Они распрощались, и оба были подавлены.
Хургин поехал в больницу на следующий день. Козлова он обнаружил после долгих хлопотливых поисков, но, даже обнаружив, не сразу смог его увидеть. Вышла какая-то заминка, и в один момент Хургин даже подумал, что ему не дадут встретиться с Козловым. Он дрогнул и вынужден был произнести сакраментальное:
– Я от Большакова.
Это выглядело не очень красиво, конечно, но зато подействовало, и через несколько минут его ввели в какой-то кабинет, больше похожий на склад. Здесь было много старой мебели, колченогие стулья высились частоколом, и под их защитой укрывался дюжий санитар с багровым неприветливым лицом.

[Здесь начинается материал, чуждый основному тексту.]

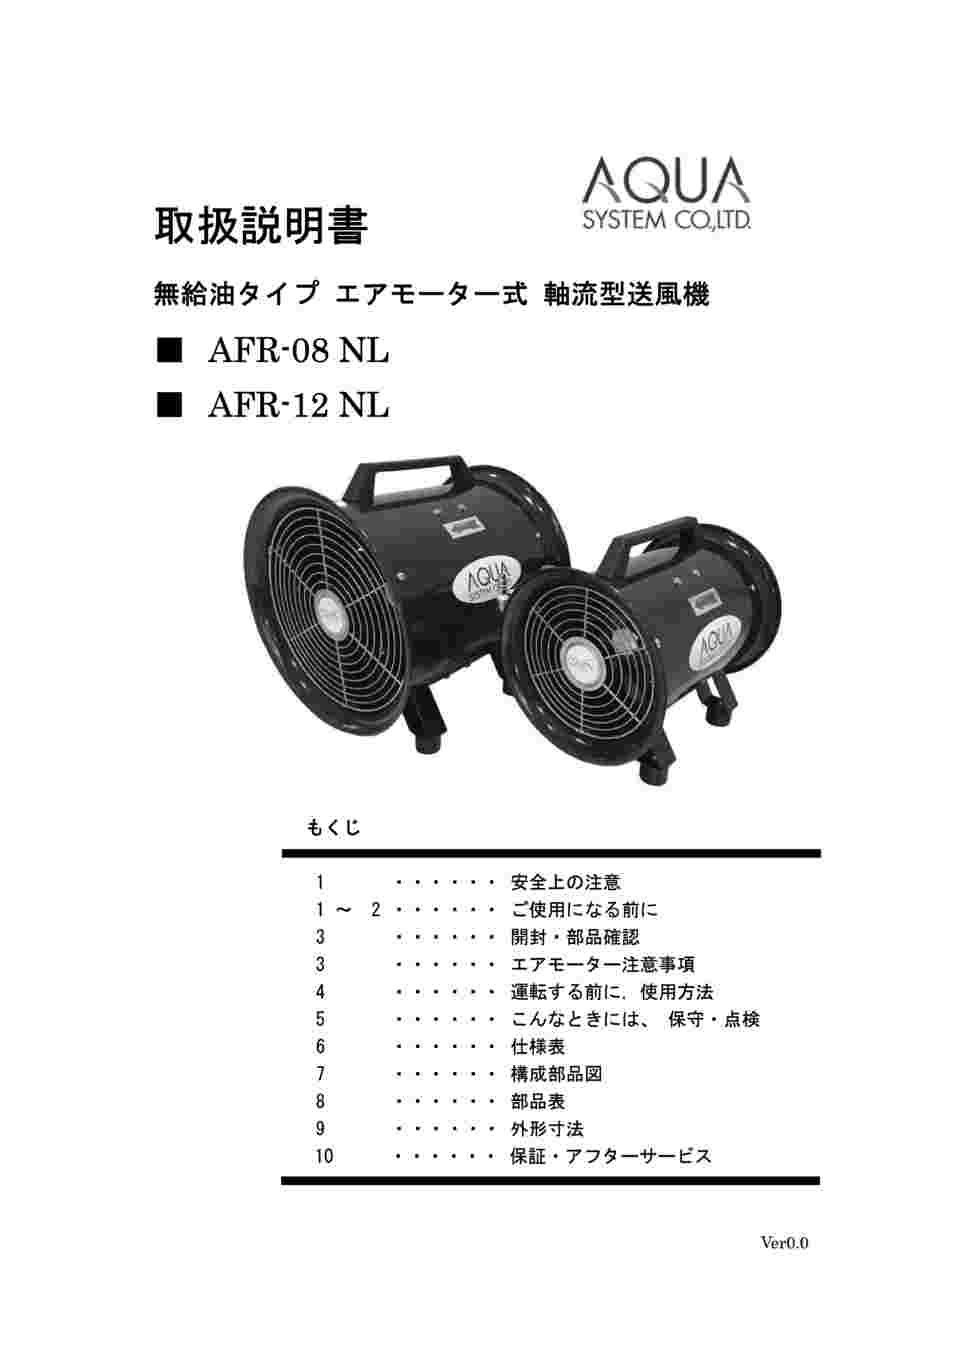 64-8891-29 無給油エアモーター式送風機（軸流型） AFR-12NL 【AXEL
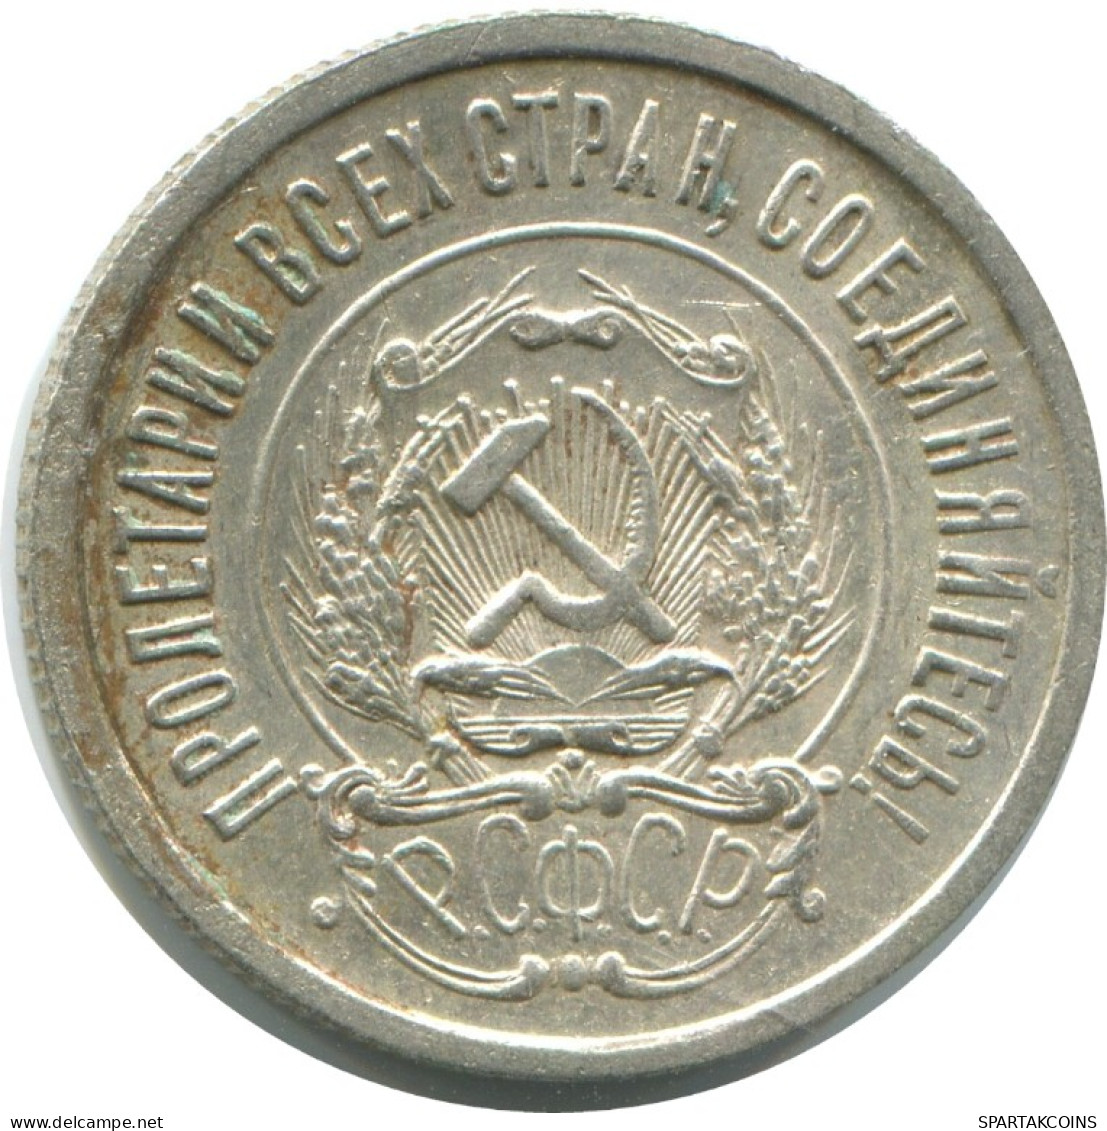 20 KOPEKS 1923 RUSSIA RSFSR SILVER Coin HIGH GRADE #AF577.4.U.A - Russland

И только пройдя в глубь кабинета, Хургин обнаружил присутствие еще одного человека – тот сидел на табуретке, втянув голову в плечи. Когда Хургин остановился напротив, человек вдруг поднял голову – это был Козлов. Не тот, прежний, а лишь его тень. Жалкое подобие. Хургин склонился и заглянул Козлову в глаза. Смотрел внимательно и напряженно, потом резко распрямился и спросил у санитара:
– Чем вы его колете?
– А? – изобразил тот непонимание.
– Какие лекарства используете?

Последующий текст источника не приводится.